Talula, Talula, she's brand new now to you, wrapped in your paposse. Your little Fig Newton.” -"Talula" by Tori Amos.

            “Talula, Talula, how much for your fruit? You tornado is brooding! Talula, Talula, come see me away! Can you really be a big fig Newton? - My misinterpreted lyrics to "Talula" by Tori Amos.

 

“This monkey's gone to heaven. This monkey's gone to heaven.” -“Monkey Gone to Heaven” by The Pixies.

            “These things are bound to happen... these things are bound to happen...” My misinterpreted lyrics from “Monkey Gone to Heaven” by The Pixies.

 

            “Nothing's for free.” -“Big Bang Baby” by Stone Temple Pilots.

            “Love is for freeee.” -My misinterpreted lyrics to “Big Bang Baby” by Stone Temple Pilots.

 

            “Some get stoned, some get strange.” -“Walk On” by Neil Young.

            “Some get strong, some get strange.” -My misinterpreted lyrics of the day for “Walk On” by Neil Young.

            Come together right now over me.” -“Come Together” by The Beatles.

            Cum together right now over me.” - Misinterpreted lyrics to “Come Together” by The Beatles.

 

            “But I can’t see you every night (for) free.” -“About a Girl” by Nirvana.

            “But I can’t see you every night... please.” - Misinterpreted lyrics to “About a Girl” by Nirvana.

 

            “Grandma take me home... Grandma take me home. I wanna be alone.” -”Sliver” by Nirvana.

            “Gravitate me home... gravitate me home. I wanna be alone.” - Misinterpreted lyrics to ”Sliver” by Nirvana.

 

“Love without you will never do without you. That love will never do without you.” -“Love Will Never Do (Without You)” by Janet Jackson.

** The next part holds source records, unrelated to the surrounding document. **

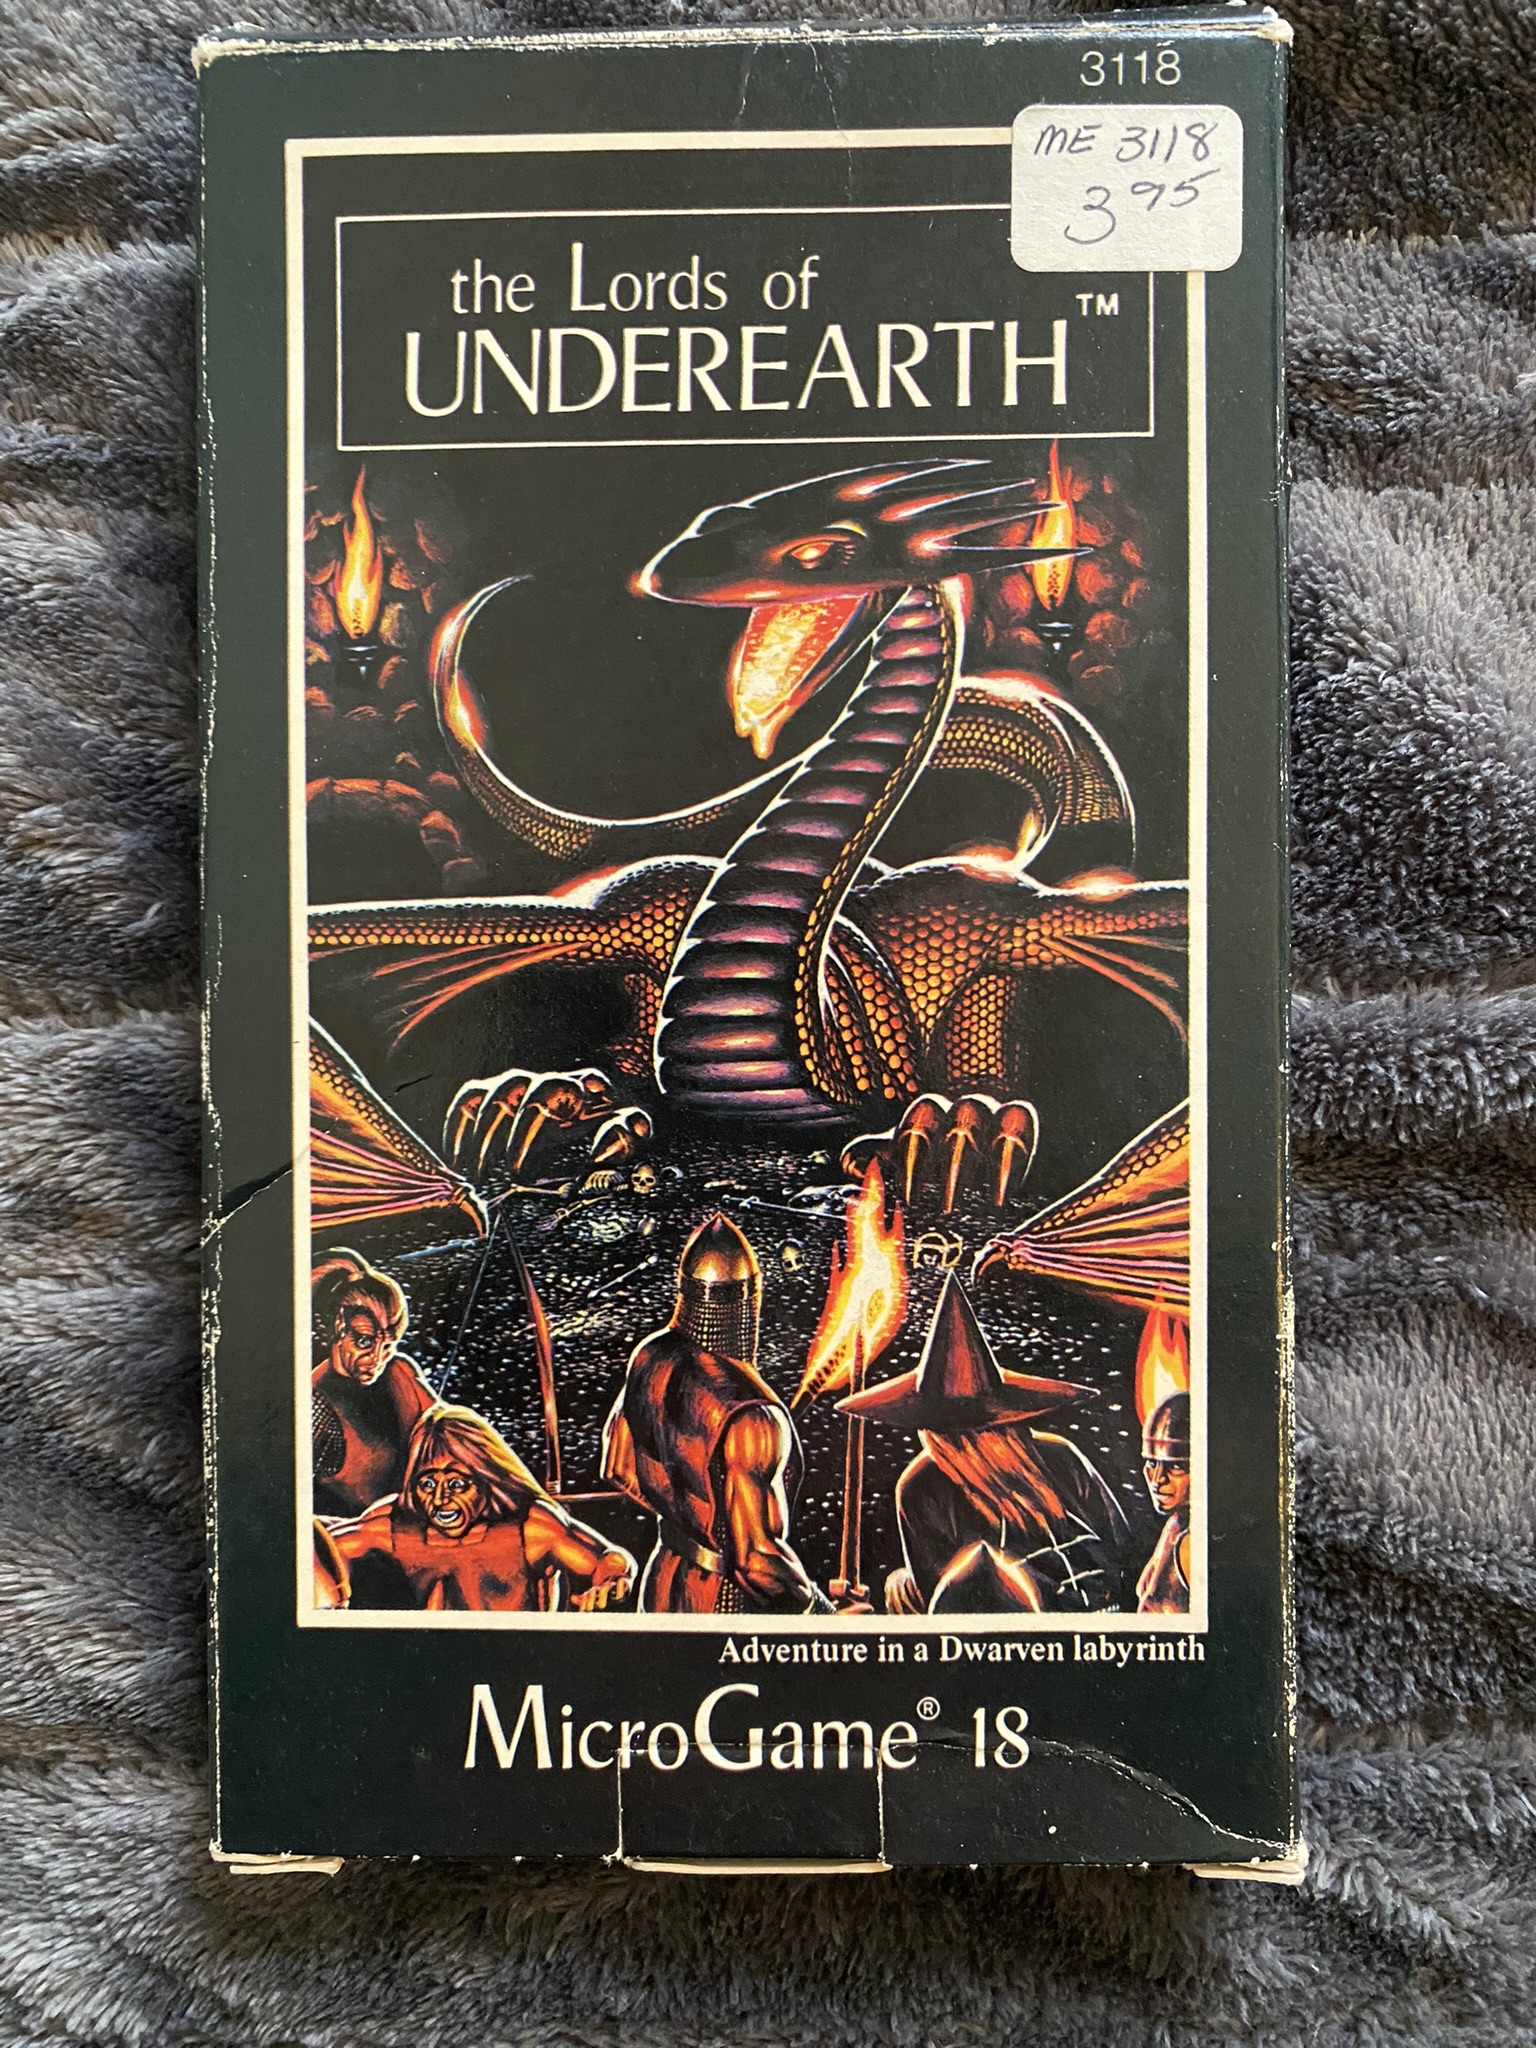 The Lords of Underearth, front cover
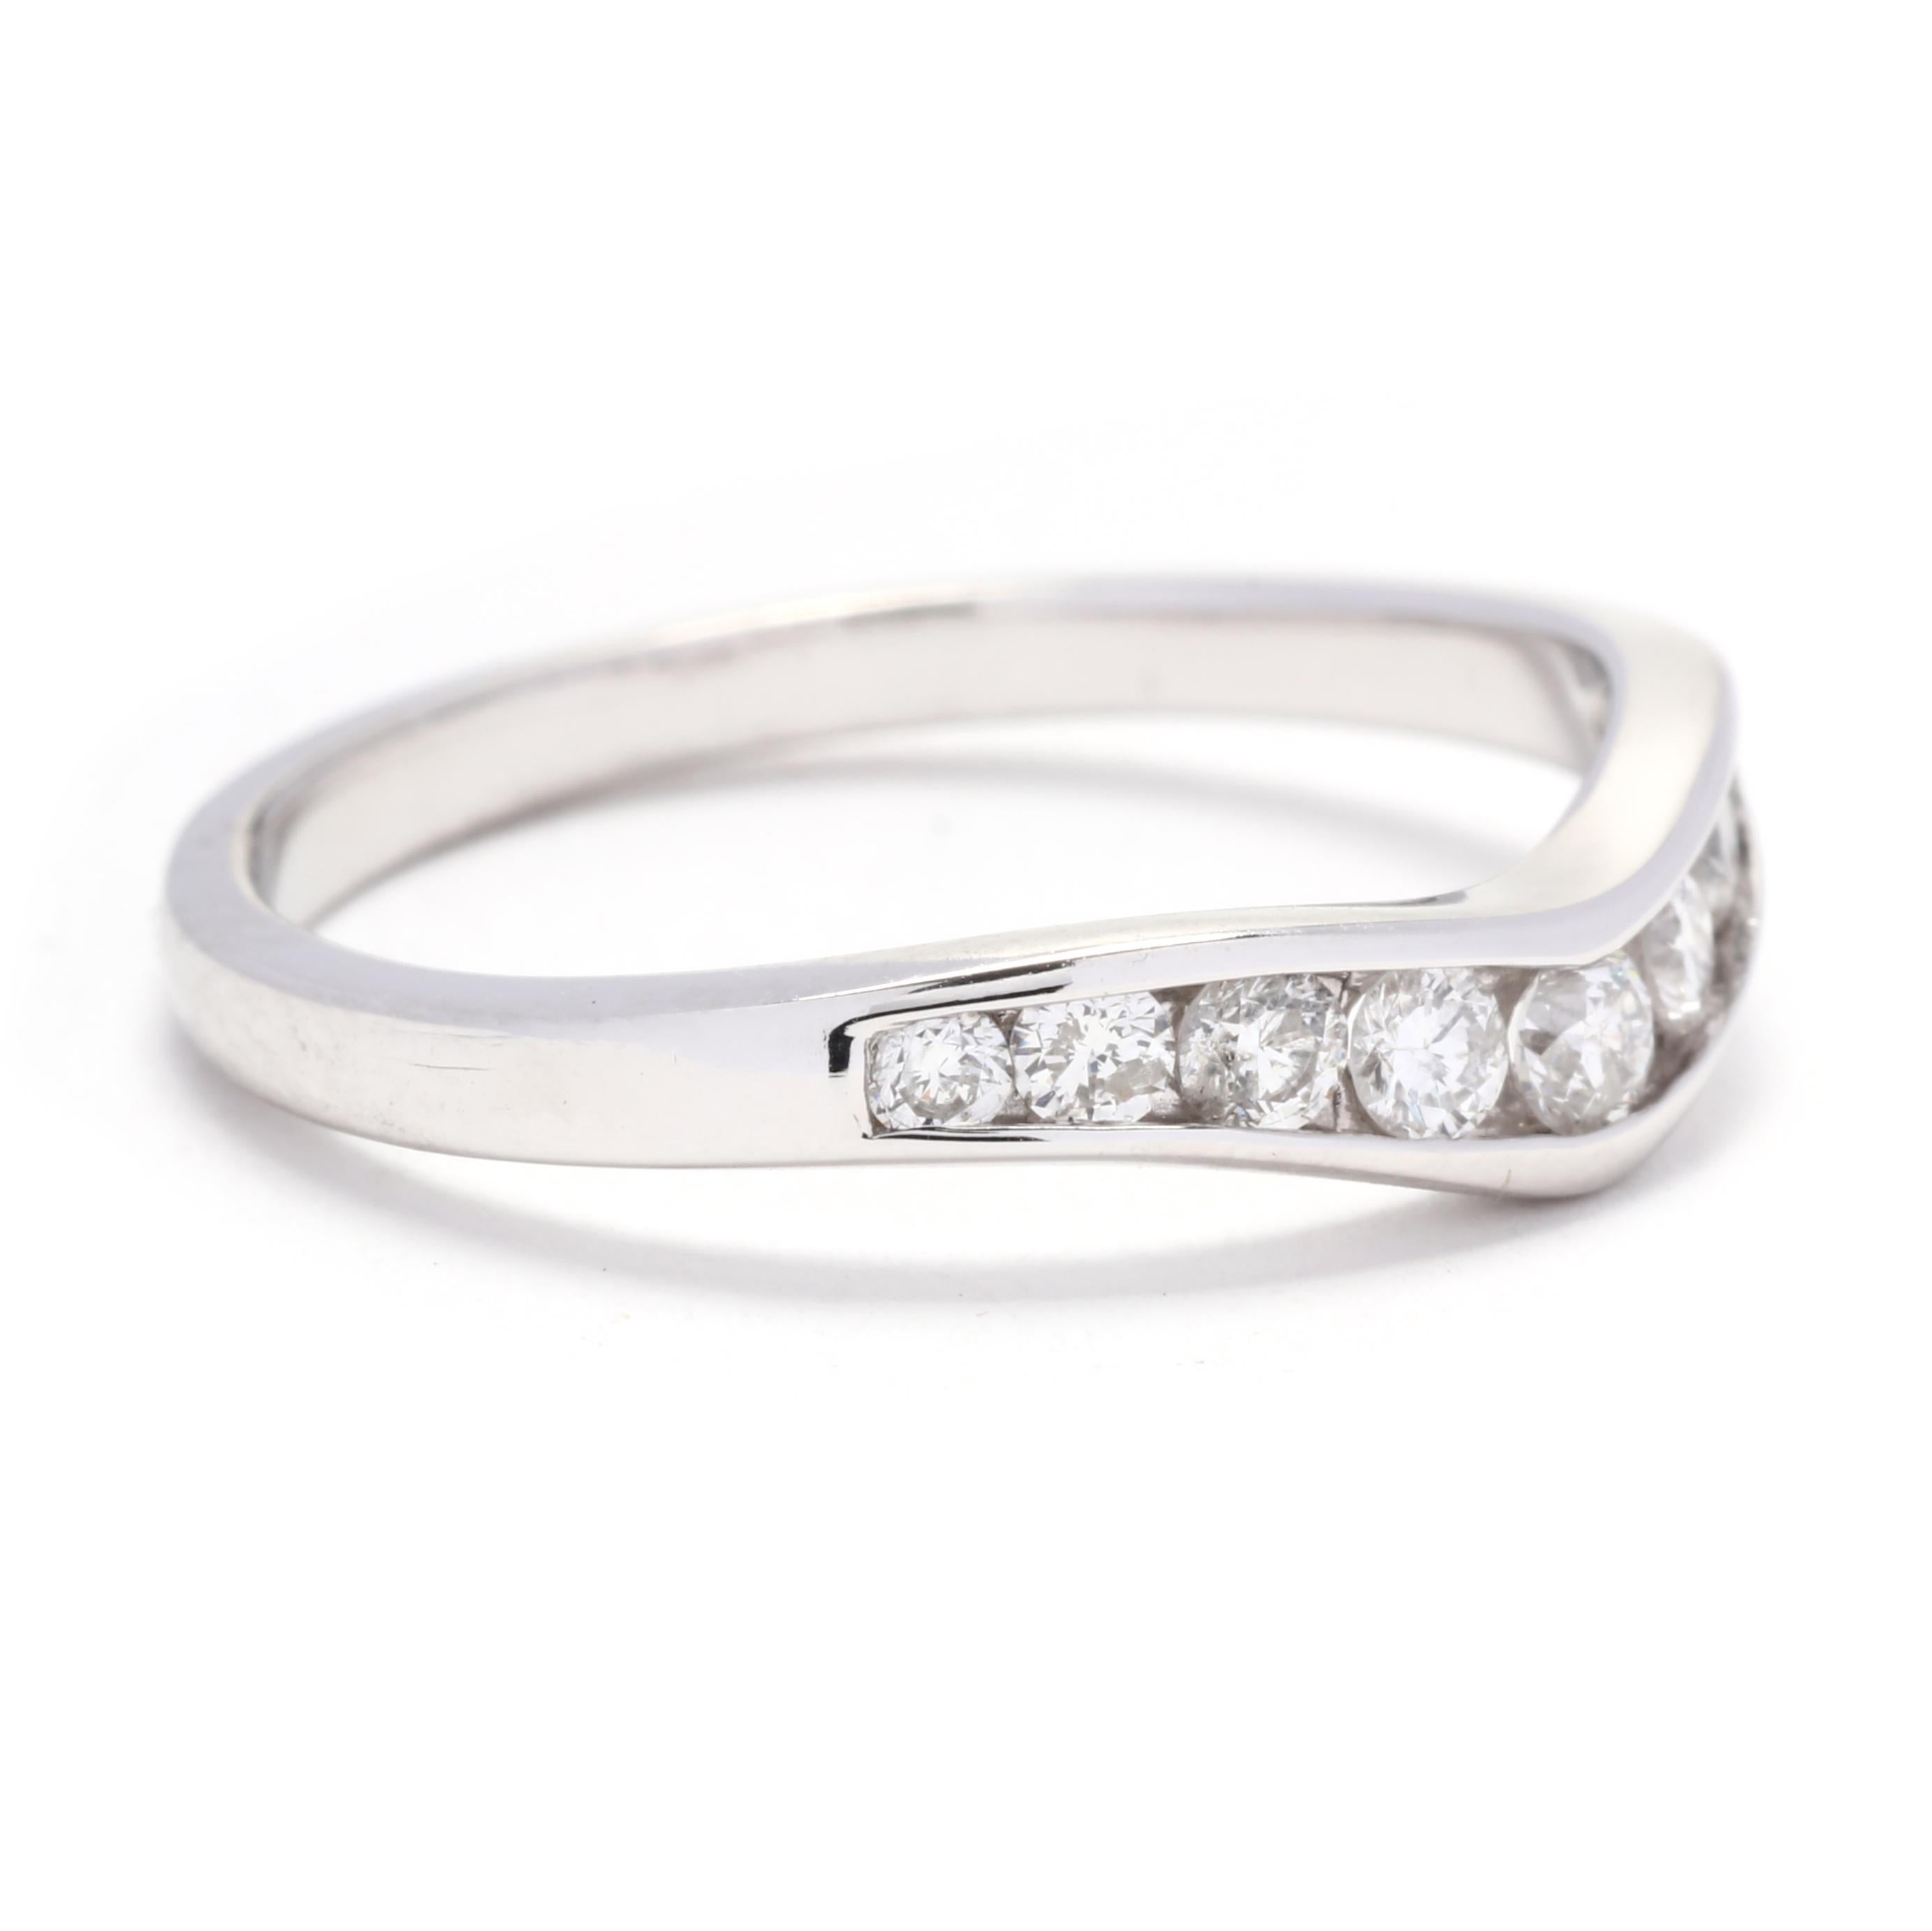 This 0.40ctw curved diamond wedding band is a stunning and unique choice for your special day. Made in 14K white gold, it features a gentle curve that perfectly nestles against your engagement ring or can be worn on its own for a minimalist look.
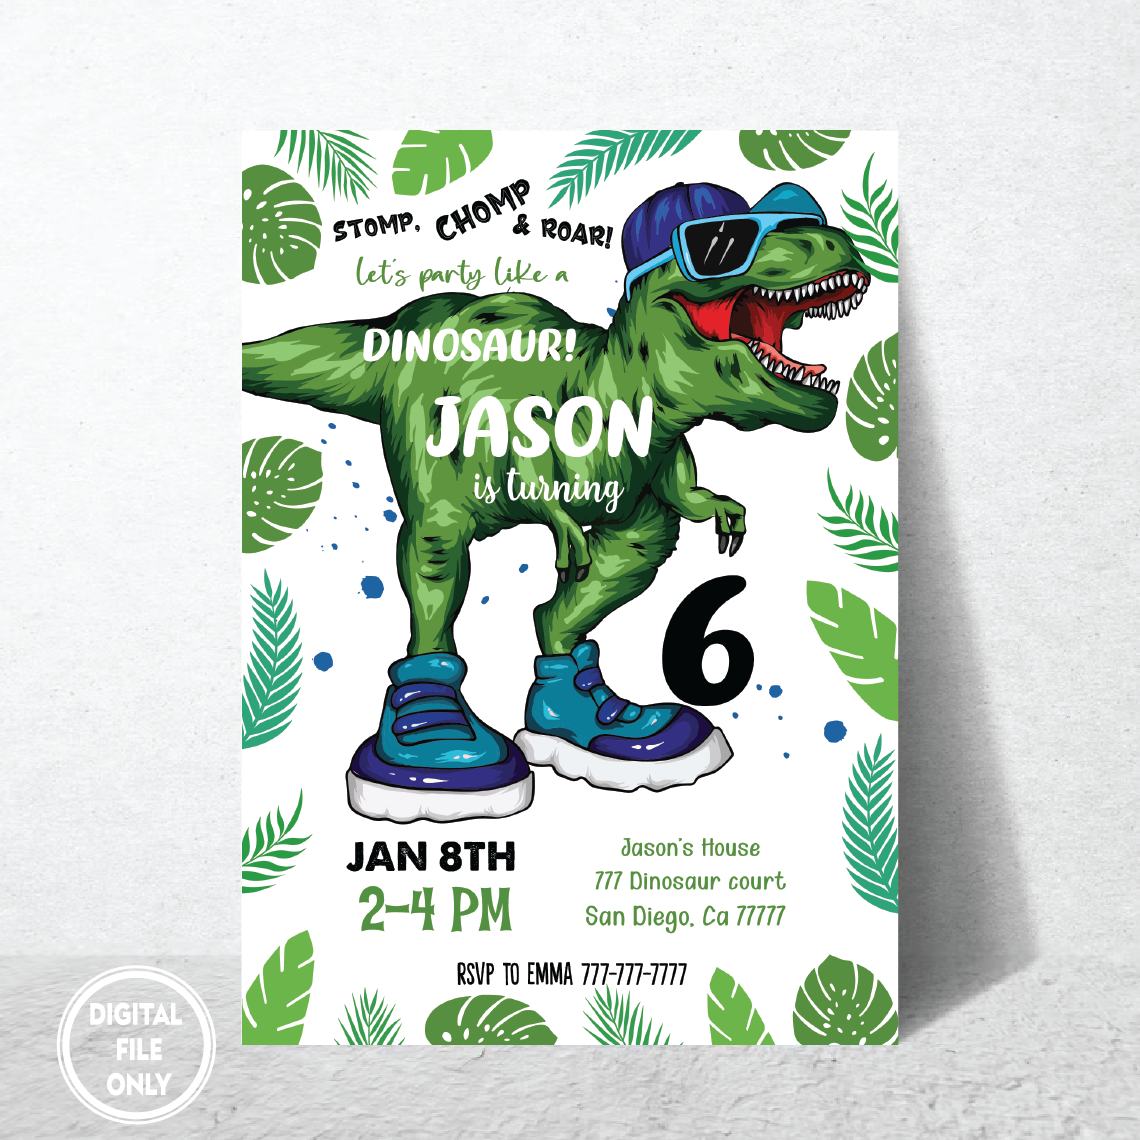 Personalized File Dinosaur Invitation Png, Dinosaur Birthday Invites Png, Instant Download Dinosaur Invitations PNG File Only

            “Love without Ragu! Ya! Love will never do without you.” -Misinterpreted lyrics for “Love Will Never Do (Without You)” by Janet Jackson.

 

            “Keep on growing, keep on growing, keep on growing.” -“Keep On Growing” by Derek and the Dominoes.

            “Keep on hurting, keep on hurting, keep on hurting... don’t fade away.” -Misinterpreted lyrics to “Keep On Growing” by Derek and the Dominoes.

 

"The children are gone!" -“Fire On Babylon” by Sinead O'Connor.

"THE CHILDREN ARE GOD!" –Misinterpreted lyrics to “Fire On Babylon” by Sinead O'Connor.

 

Gotta find a way, a better way, I had better wait.” -“Territorial Pissings” by Nirvana.

"You better find a wife! A better wife! I've got a wife!" –Misinterpreted lyrics to “Territorial Pissings” by Nirvana.

 

            Lite Armageddon… Lite Armageddon… Lite Armageddon…” –My (mis)interpretation during an instrumental chant towards the end of “The Negotiation Limerick File” by The Beastie Boys.